● The task
Transcribe all the data below exactly, leaving its pictures out.

● Dataset section
-*-
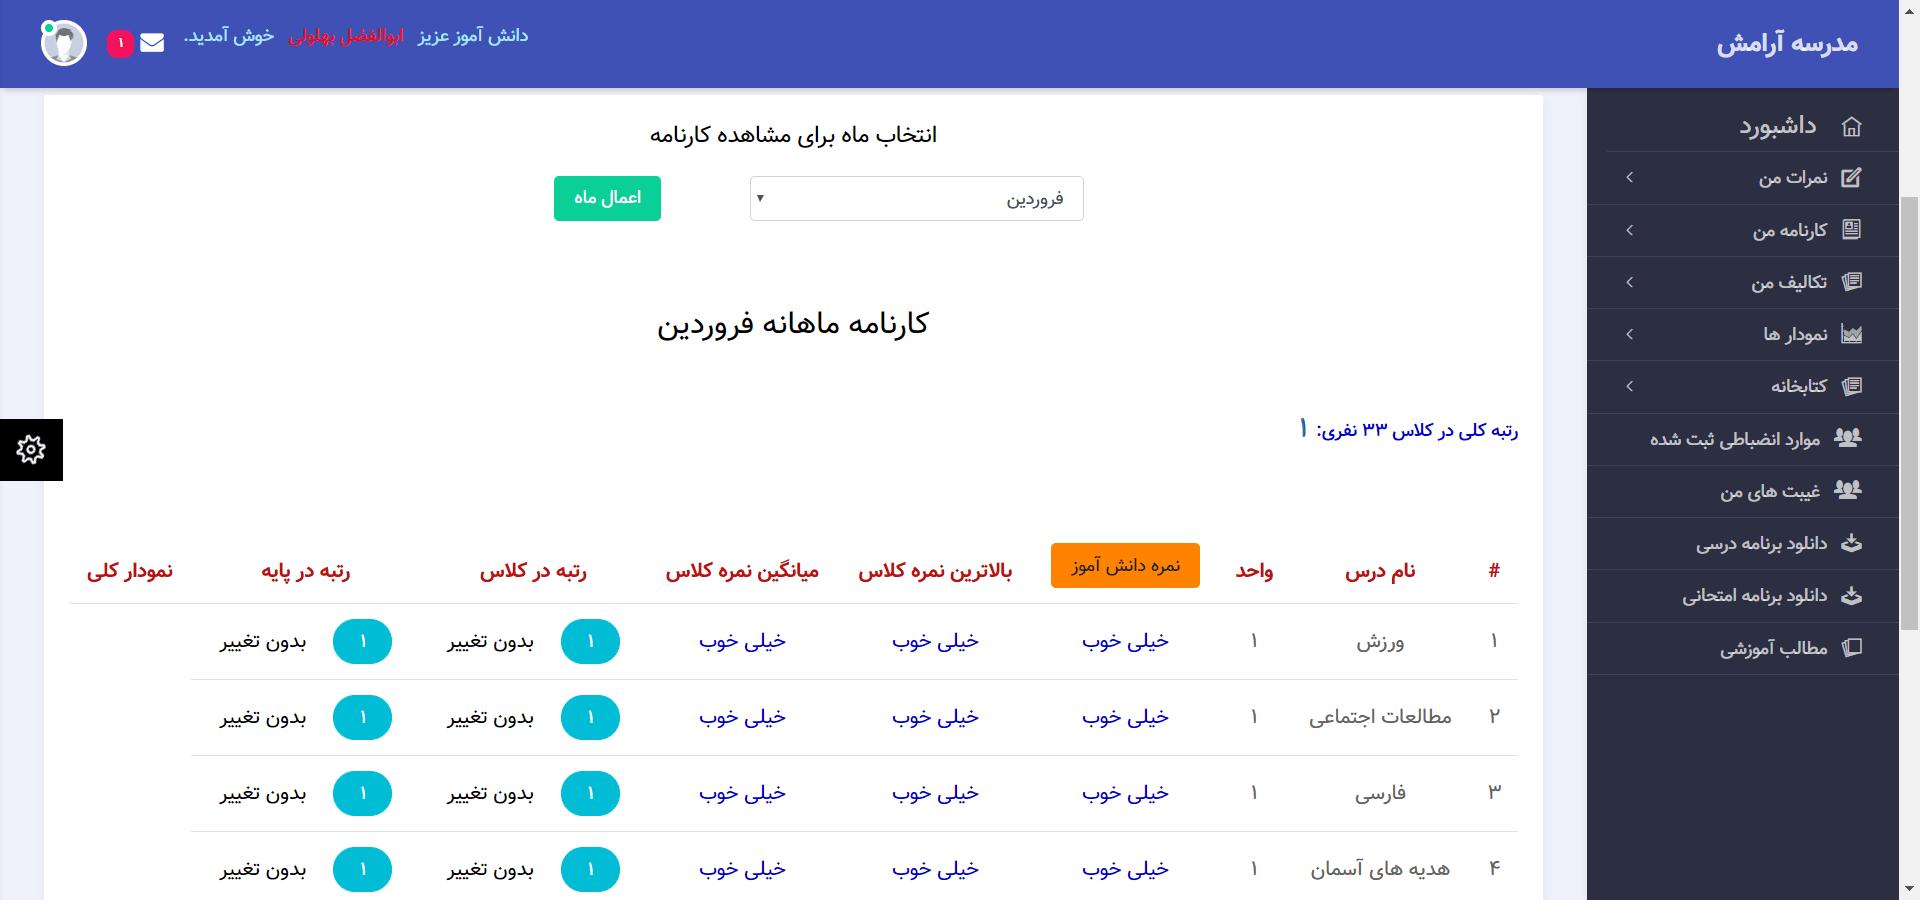 اسکریپت MySchool | اسکریپت حرفه ای مدیریت مدرسه مجازی
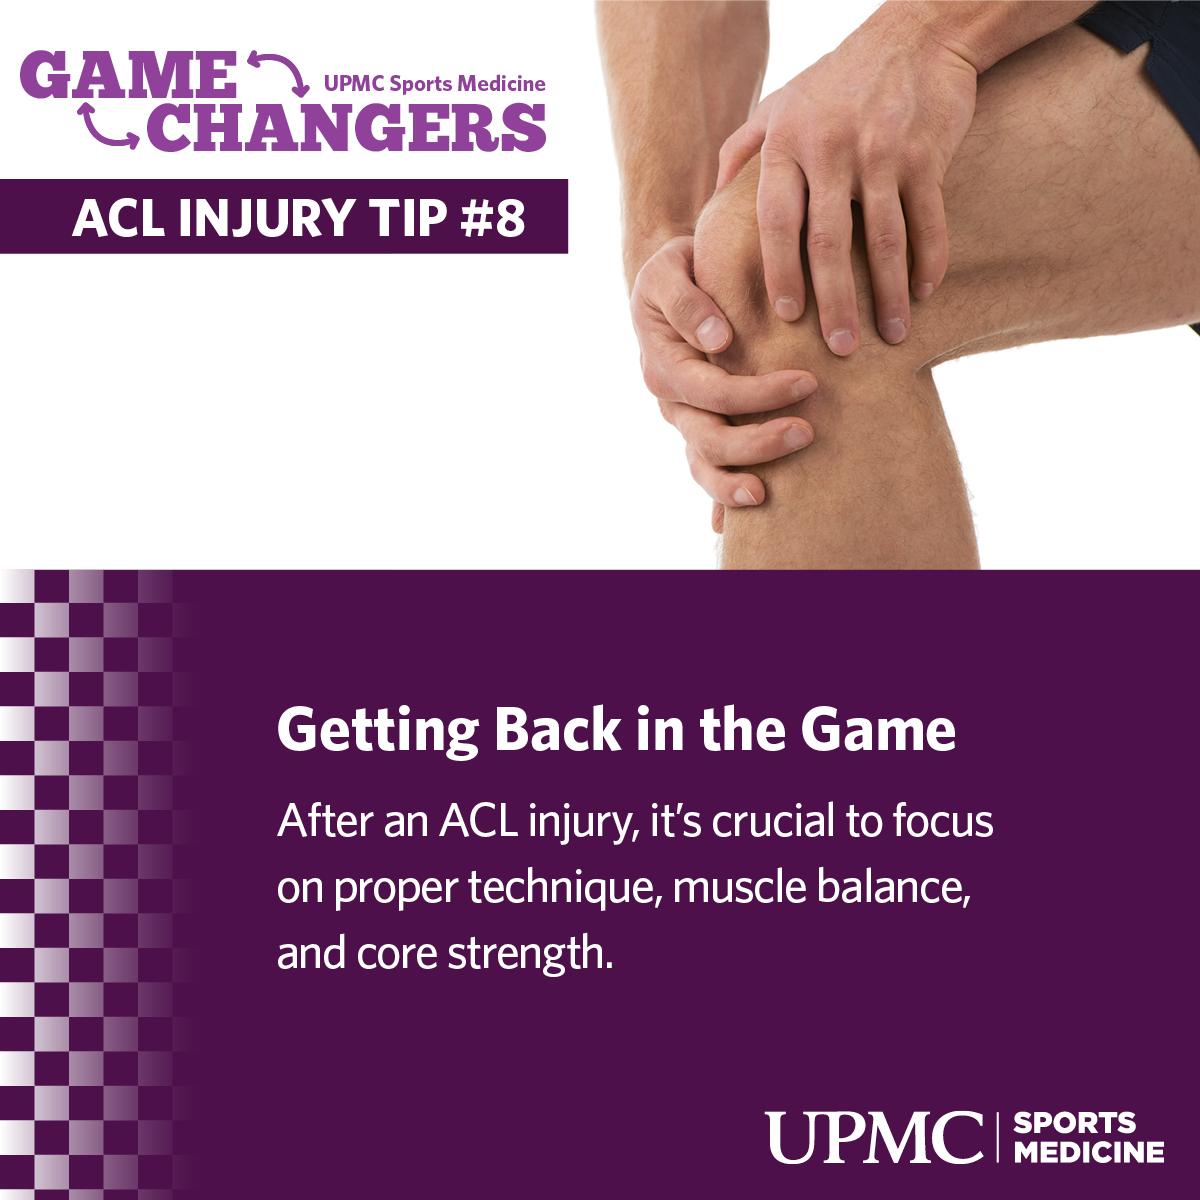 UPMC_GameChangers_ACL_FB8_FINAL
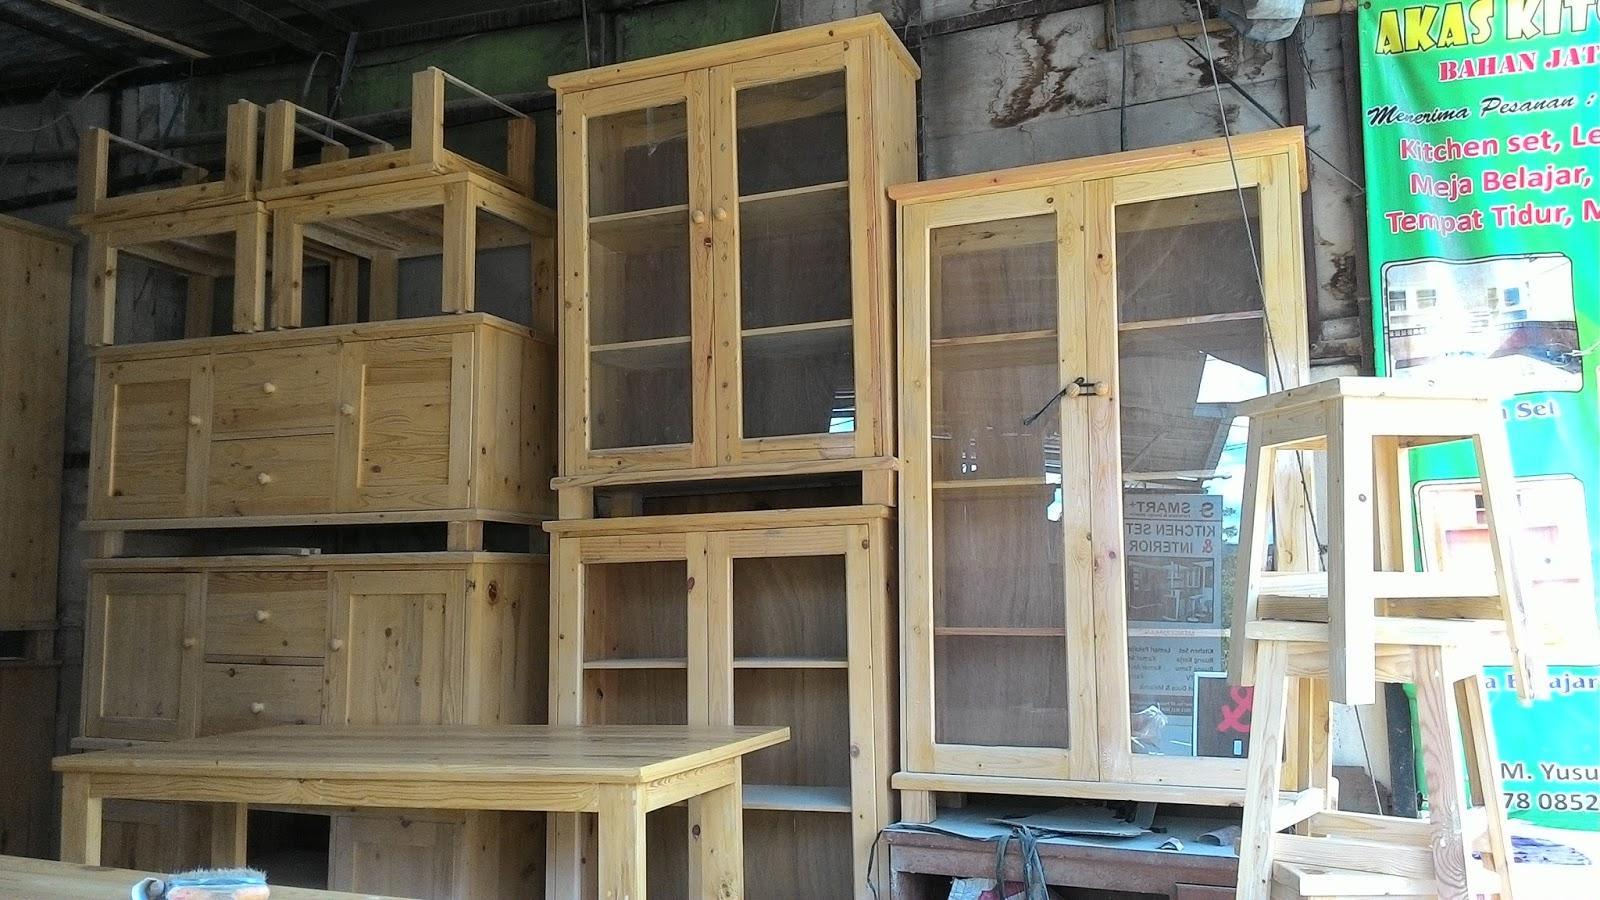 Furniture Kayu Jati Belanda Akas Kitchen Set Di Depok Ceritaasikaja
-*-
● Written response
 اسکریپت MySchool | اسکریپت حرفه ای مدیریت مدرسه مجازی
 UPMC_GameChangers_ACL_FB8_FINAL
 Furniture Kayu Jati Belanda Akas Kitchen Set Di Depok Ceritaasikaja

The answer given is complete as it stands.